- **WORK REQUEST**:
Using the listing below, reproduce exactly the lines from the one with "JUNIORS Girls Solid Layered Skirt" through the last, with all pictures left out.

*** Opening SOURCE DATA ***

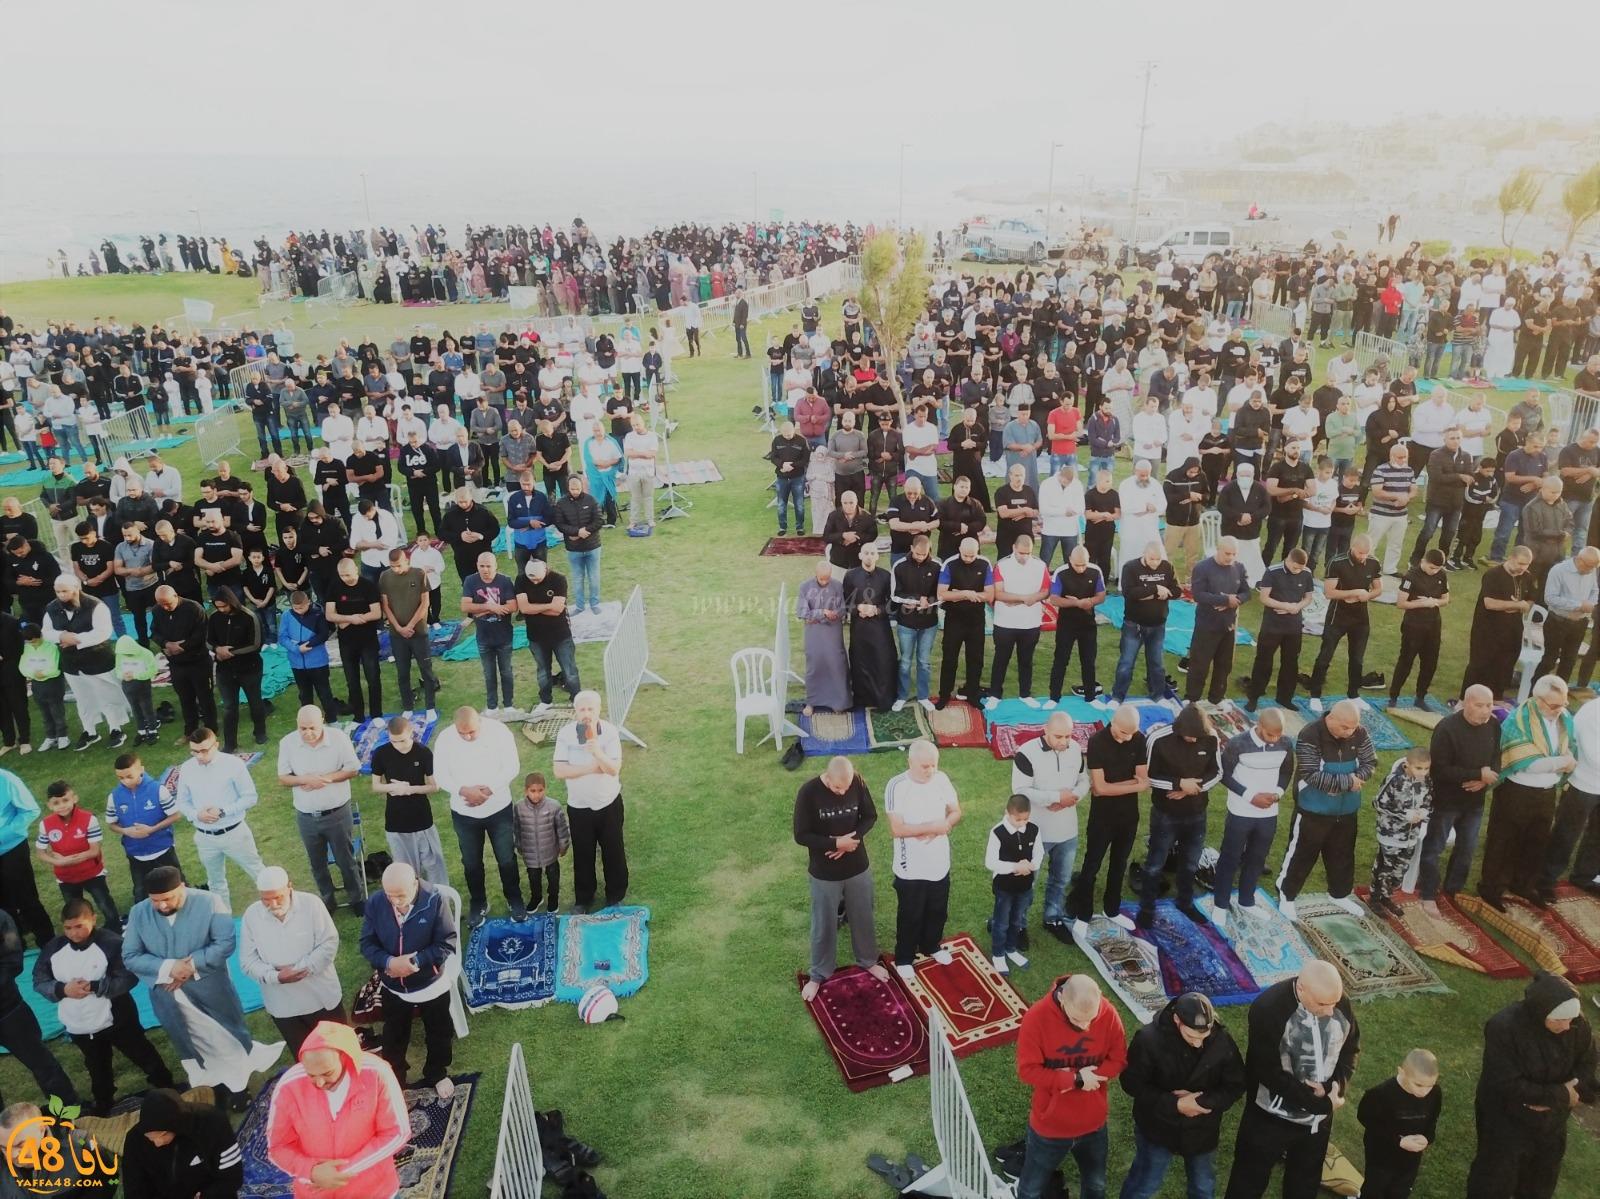 فيديو:  أهالي يافا يؤدون صلاة عيد الفطر السعيد في العراء
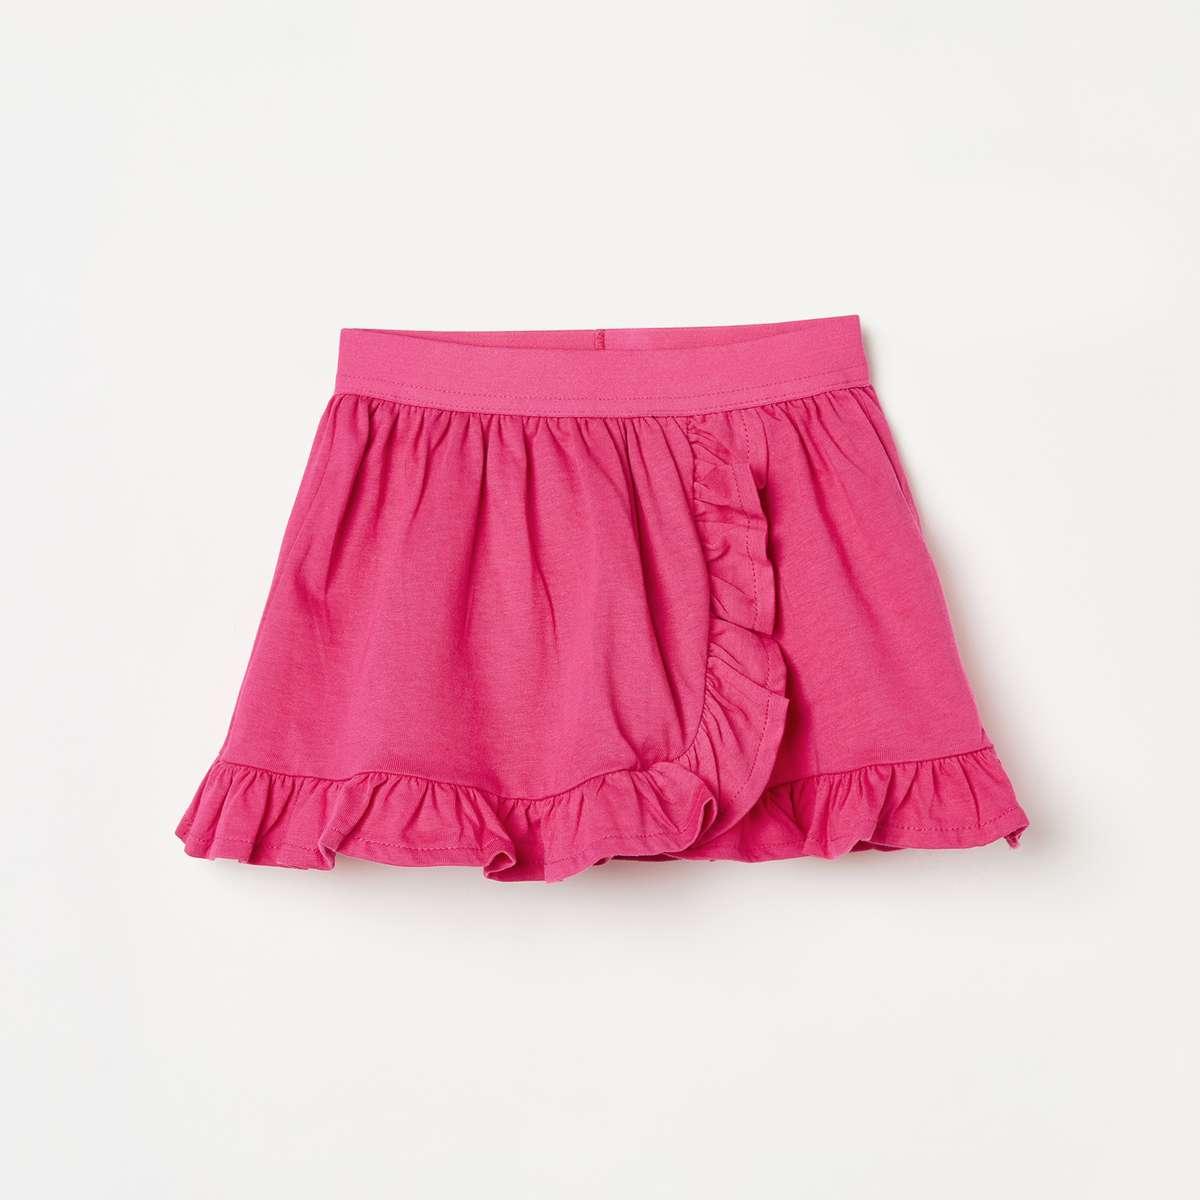 JUNIORS Girls Solid Layered Skirt
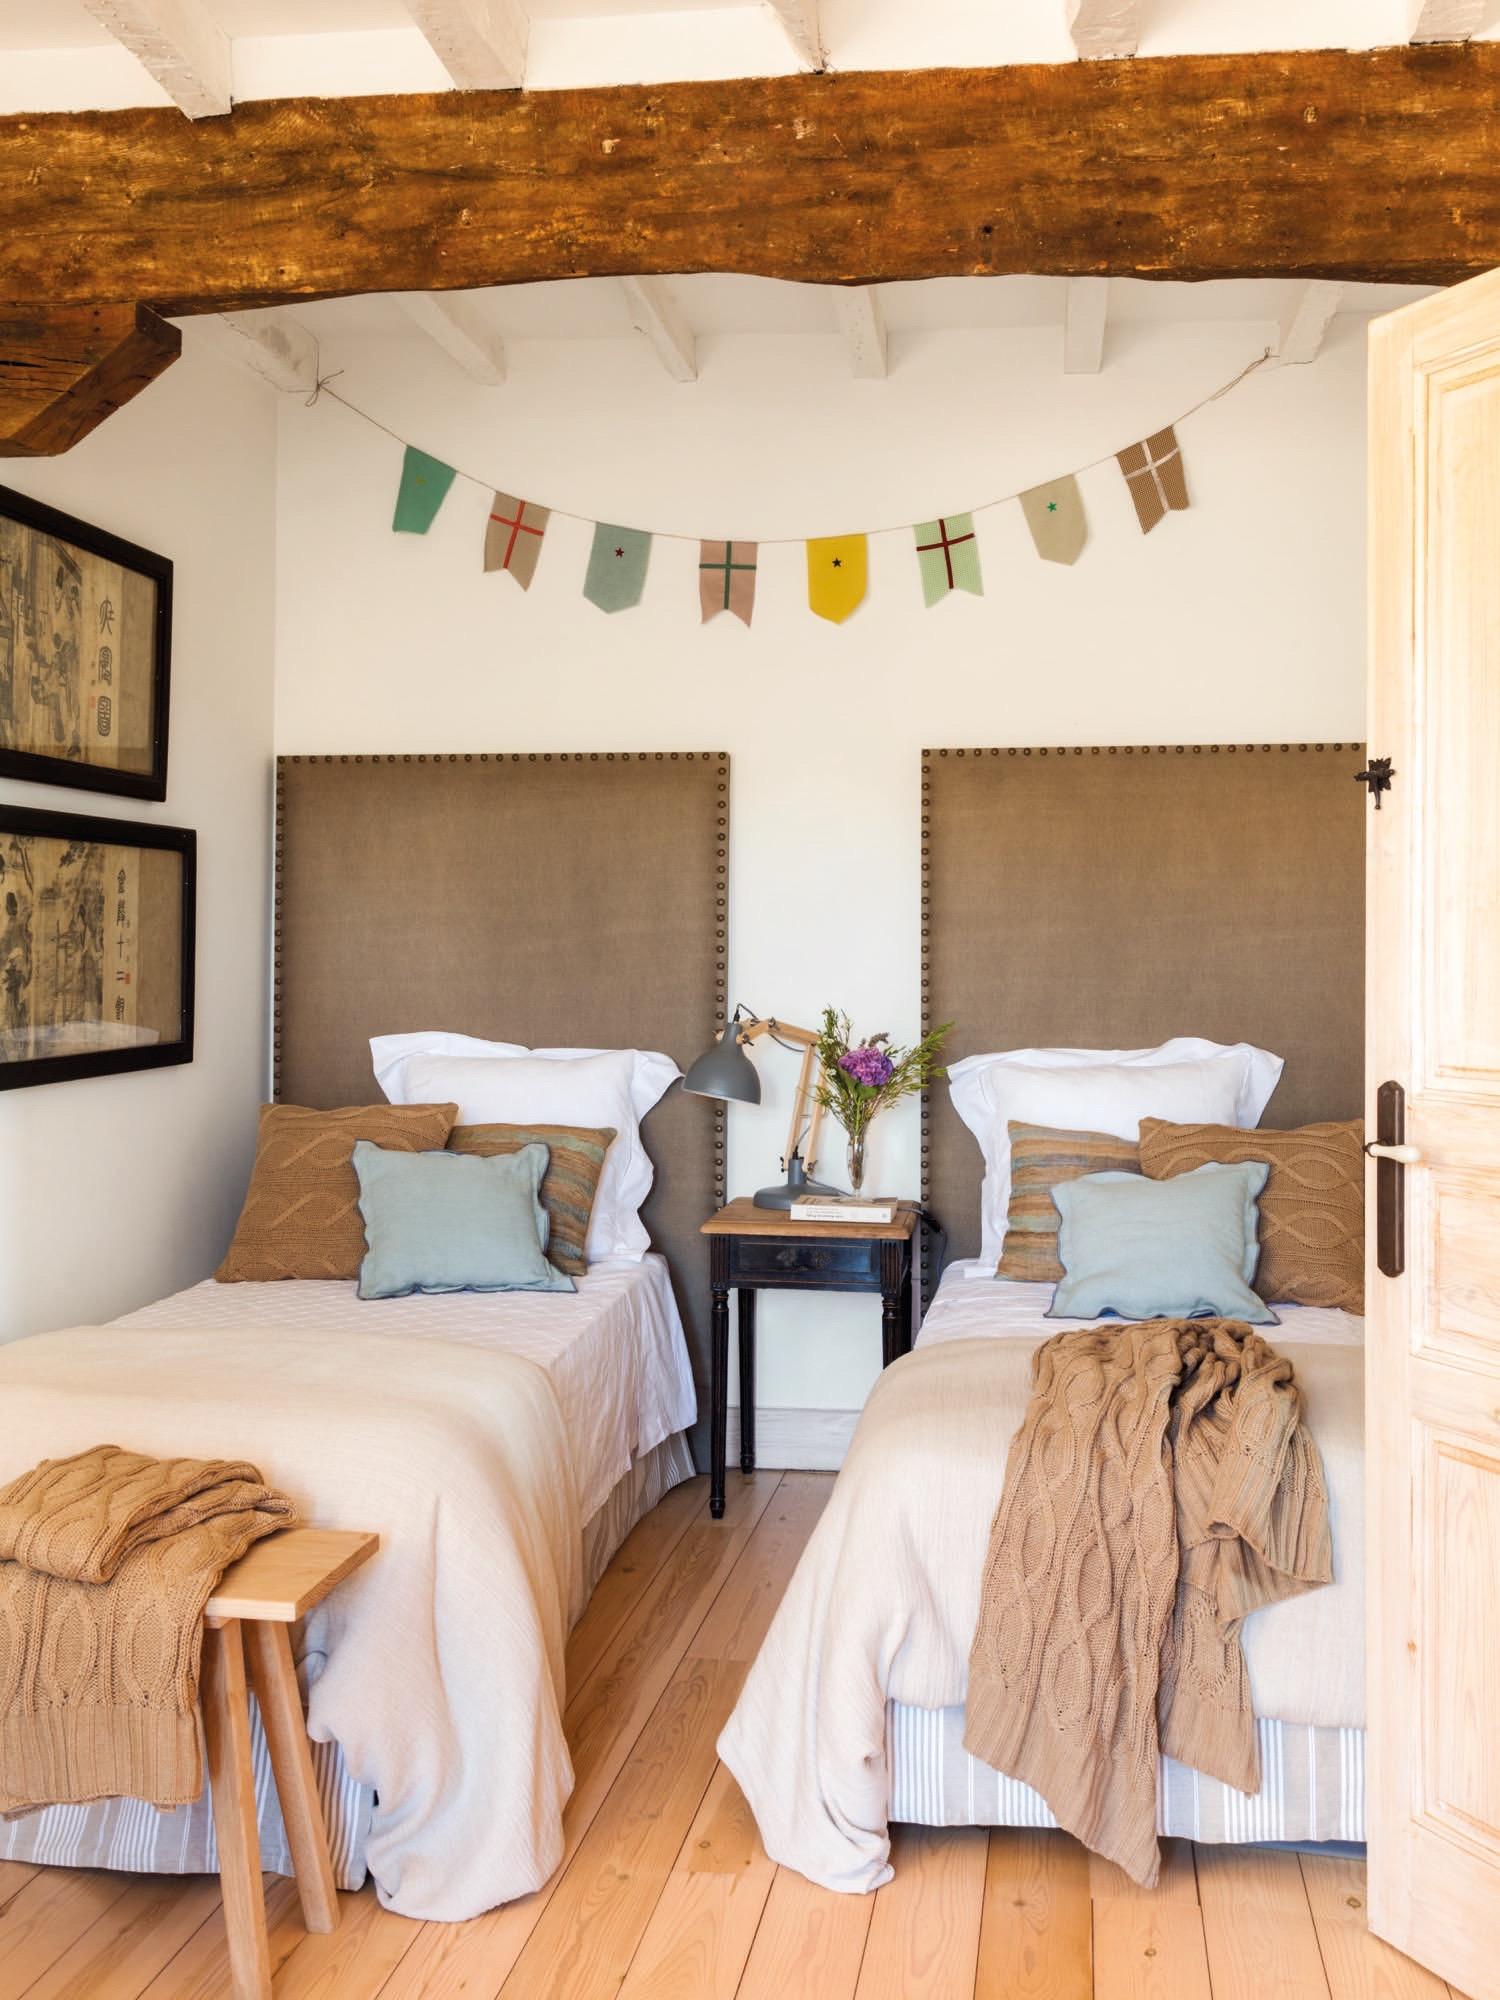 dormitorio juvenil en una casa rustica con cabeceros tapizados

*** Closing SOURCE DATA ***

- **RESPONSE FOR THIS EXERCISE**:
 JUNIORS Girls Solid Layered Skirt
 dormitorio juvenil en una casa rustica con cabeceros tapizados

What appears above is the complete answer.